For long-term digital preservation, two types of metadata play a crucial role:

  1. Packaging Metadata

Defines three kinds of information packages, which are as follows:

  1. Submission Information Package (SIP) – Contains information delivered to the archive from the content provider
  2. Archival Information Package (AIP) – Related content information stored in the archive
  3. Dissemination Information Package (DIP) – On request delivery of information to the user
  1. Preservation Metadata

Records the process that supports the preservation of digital data

Metadata Schema Models

According to ISO 23081[4], a schema is “a logical plan showing the relationships between metadata elements, normally through establishing rules for the use and management of metadata specifically as regards the semantics, the syntax and the optionality (obligation level) of values.”

The amount of metadata that needs to be stored for an object depends on its functional usage & significance. With a large amount of metadata already there, and more being published regularly for a different purpose by different communities, metadata schema designers need unique experience of using the Semantic Web to consider a metadata schema.

For long term preservation of data, a varying Metadata Schema Models has been developed, which includes the following:

  • MARC: Machine Readable Cataloguing
  • MARCXML: XML version of MARC 21
  • METS: Metadata Encoding & Transmission Standard
  • MODS: Metadata Object Description Schema
  • DCMI: Dublin Core Metadata Initiative
  • CDWA: Categories for the Description of Works of Art
  • CRM: CIDOC Conceptual Reference Model
  • MPEG-7: Moving Picture Coding Experts Group
  • EAD: Encoded Archival Description
  • RDF: Resource Description Framework
  • VRA CORE: Visual Resources Association
  • DDI: Data Documentation Initiative
  • MIX: Metadata for Images in XML Standard
  • IEEE LOM: Institute of Electrical and Electronics Engineers Standards Association for the description of “learning objects”
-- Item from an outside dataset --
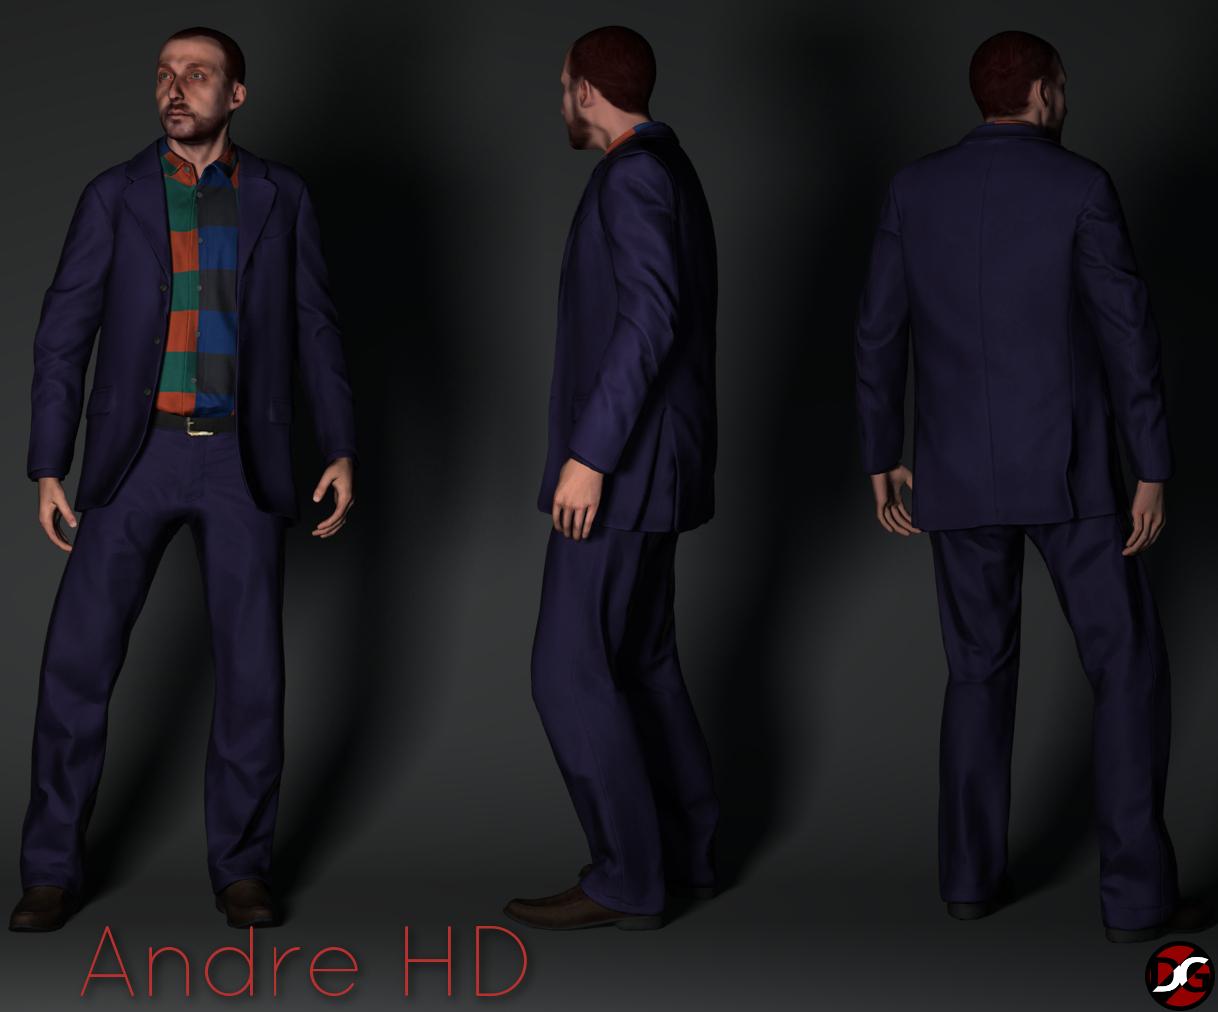 Andre HD gta 0
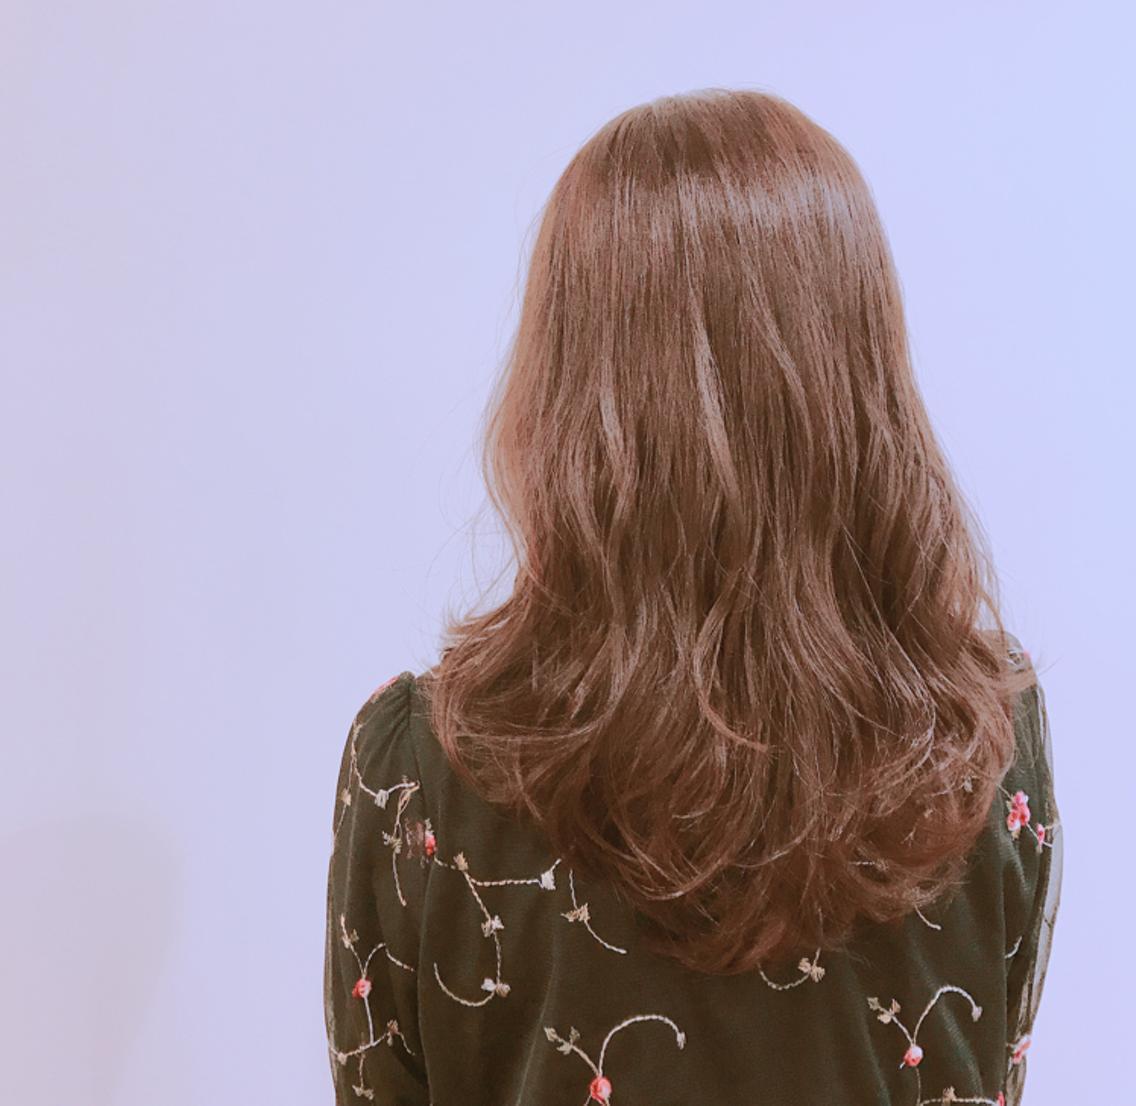 レディース&メンズカットモデル募集中!

The importance of metadata in content digitization

Metadata plays a key role in processing, managing, accessing, and preserving digital content –be it audio, video, or image collections. Metadata has the following key functionalities:

  • Search: To search for data associated with a file like Author, Date Published, Key Words, etc.
  • Distribute: To determine when and where the content will be distributed
  • Access: To determine delivery of targeted content based upon preset rules matching metadata values
  • Retain: To determine which records to archive

Optimizing metadata for content digitization

The importance of metadata lies in the fact that it makes the content searchable – both online and offline. While filtering, the search engine follows the following order – title, description, and tags. Some key points to remember while using metadata for content digitization are:

Optimize the title

Grab the attention with a catchy and compelling title. To make a title search engine (and mobile) friendly, limit it to 120 characters and include your top keywords. Think what the audience would relate to, and make the title informative and relevant.

Optimize the description

Follow and include the keywords, and detail what the content is all about. Limit the most critical information within the first 22 words of your description – as search engine displays it on the list before you click ‘see more’ button.

Optimize the tags

A couple of things to keep in mind while tagging a digital asset are:

  1. Assign keywords that cover the 5 W’s – what, when, who, why, and where – to make it a well-captured asset
  2. Avoid grammatical errors while assigning keywords
  3. Avoid ambiguous words or words with multiple meanings
  4. Be consistent with abbreviations and acronyms
  5. Use a minimum of 8 – 12 tags per asset

Conclusion

Metadata plays a crucial role in keeping track of content right from its inception to its processing and accessibility. It provides a complete description of the purpose and functionality of the data, making it easier for end-users to locate and retrieve the data. Therefore, it is crucial that all contents should have embedded metadata in them.

[1] https://www.recode.net/2014/4/8/11625358/modernizing-the-entertainment-industry-supply-chain-in-the-age-of

[2] https://merchdope.com/youtube-stats/

[3] https://www.techopedia.com/definition/1938/metadata

[4] https://committee.iso.org/sites/tc46sc11/home/projects/published/iso-23081-metadata-for-records.html

Pros and Cons of Linear Tape Open (LTO) for Long-term Content Archiving

Pros and Cons of Linear Tape Open (LTO) for Long-term Content Archiving

Originally developed in the late 1990s, LTO (Linear Tape Open) is a magnetic tape data storage technology that offers extensive storage for a variety of applications comprising, long-term archive, data back-up, high-capacity data transfer, and offline storage almost over the past two decades.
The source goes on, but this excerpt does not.